RRAML: Reinforced Retrieval Augmented Machine Learning
Andrea Bacciu, Florin Cuconasu, Federico Siciliano, Fabrizio Silvestri, Nicola Tonellotto, Giovanni Trappolini
TL;DR
This work introduces RRAML, a retrieval-augmented framework that couples a Generative Language Model, a Retriever, and a Reasoner, with reinforcement learning to align the retriever and prompt generation to the final task. It avoids fine-tuning or gradients on the Reasoner by leveraging a reward-driven loop (e.g., PPO or DQN) that updates the retriever and prompt generator based on task outcomes and, optionally, human feedback. By tightly coupling retrieval with reasoning, RRAML mitigates hallucinations and reduces exposure to harmful documents, while enabling use over arbitrarily large databases. The approach aims to democratize access to powerful LLM reasoning, especially for users lacking the resources to fine-tune models or maintain extensive internal infrastructures. A concrete use-case illustrates how a private data repository can be leveraged effectively within context constraints to produce accurate, task-focused responses.
Abstract
The emergence of large language models (LLMs) has revolutionized machine learning and related fields, showcasing remarkable abilities in comprehending, generating, and manipulating human language.
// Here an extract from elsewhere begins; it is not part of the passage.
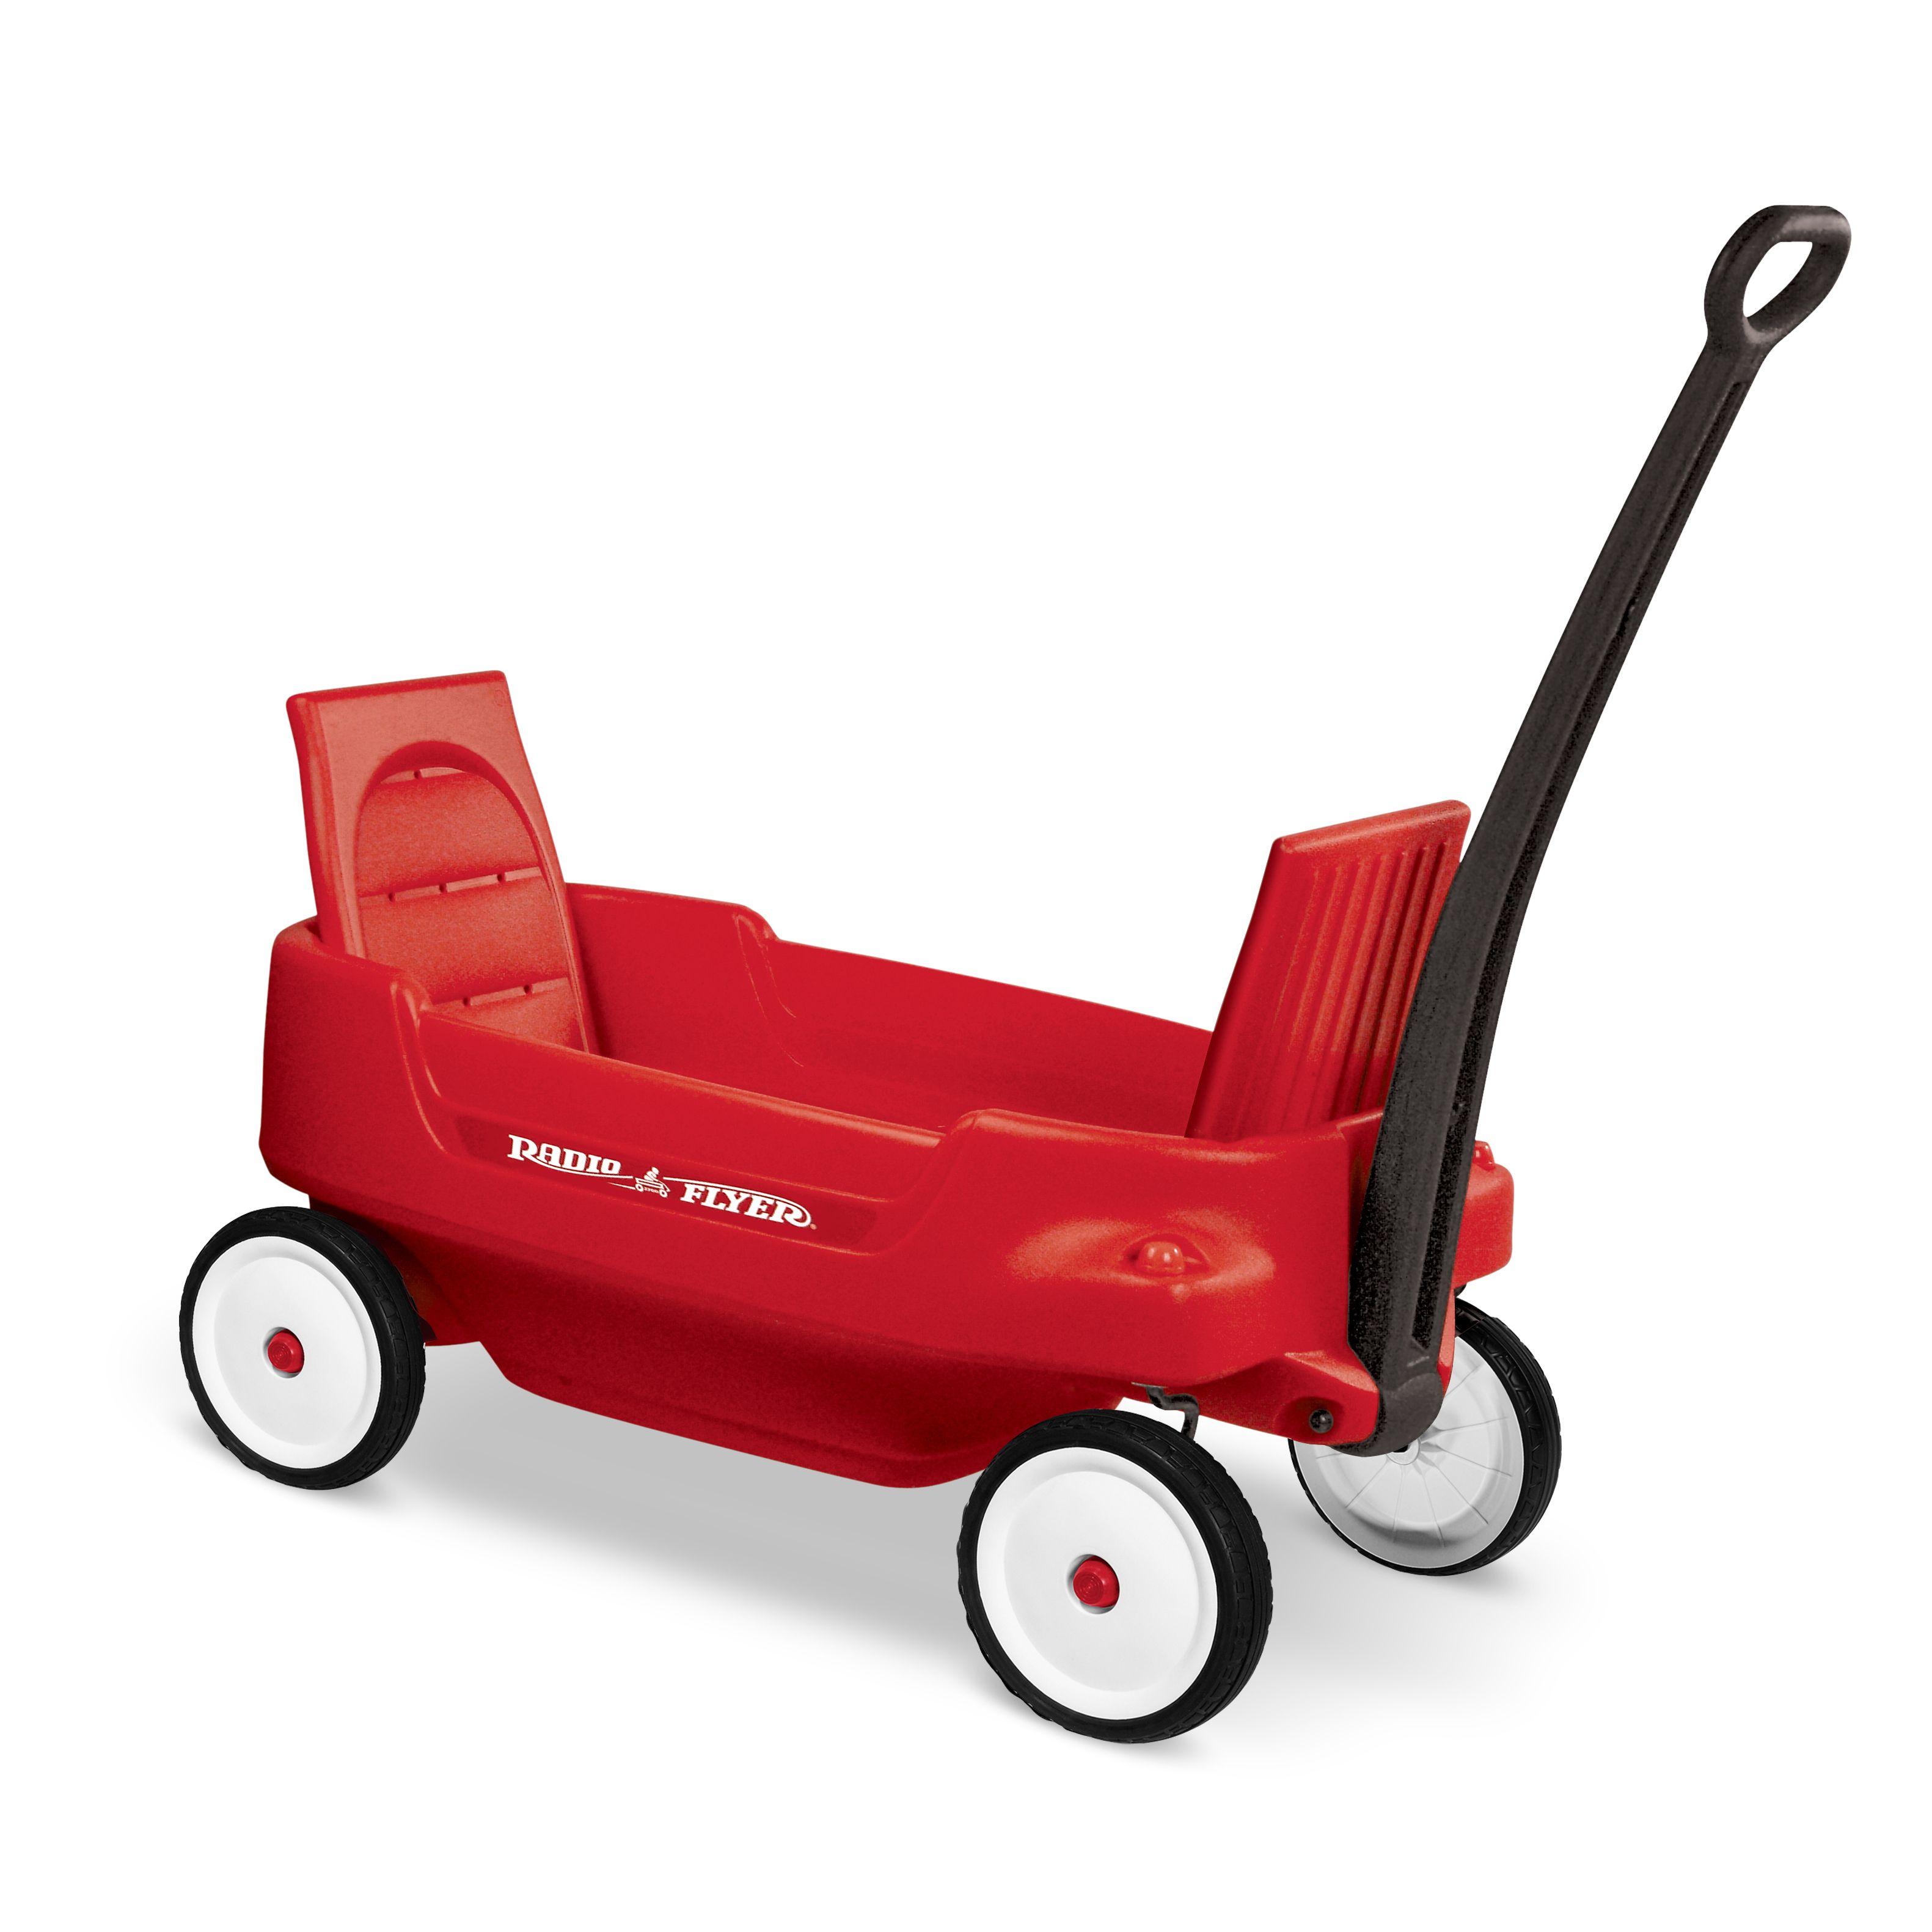 Pathfinder Wagon® Radio flyer, Children, Folded up

However, their conventional usage through API-based text prompt submissions imposes certain limitations in terms of context constraints and external source availability. To address these challenges, we propose a novel framework called Reinforced Retrieval Augmented Machine Learning (RRAML). RRAML integrates the reasoning capabilities of LLMs with supporting information retrieved by a purpose-built retriever from a vast user-provided database. By leveraging recent advancements in reinforcement learning, our method effectively addresses several critical challenges. Firstly, it circumvents the need for accessing LLM gradients. Secondly, our method alleviates the burden of retraining LLMs for specific tasks, as it is often impractical or impossible due to restricted access to the model and the computational intensity involved. Additionally we seamlessly link the retriever's task with the reasoner, mitigating hallucinations and reducing irrelevant, and potentially damaging retrieved documents. We believe that the research agenda outlined in this paper has the potential to profoundly impact the field of AI, democratizing access to and utilization of LLMs for a wide range of entities.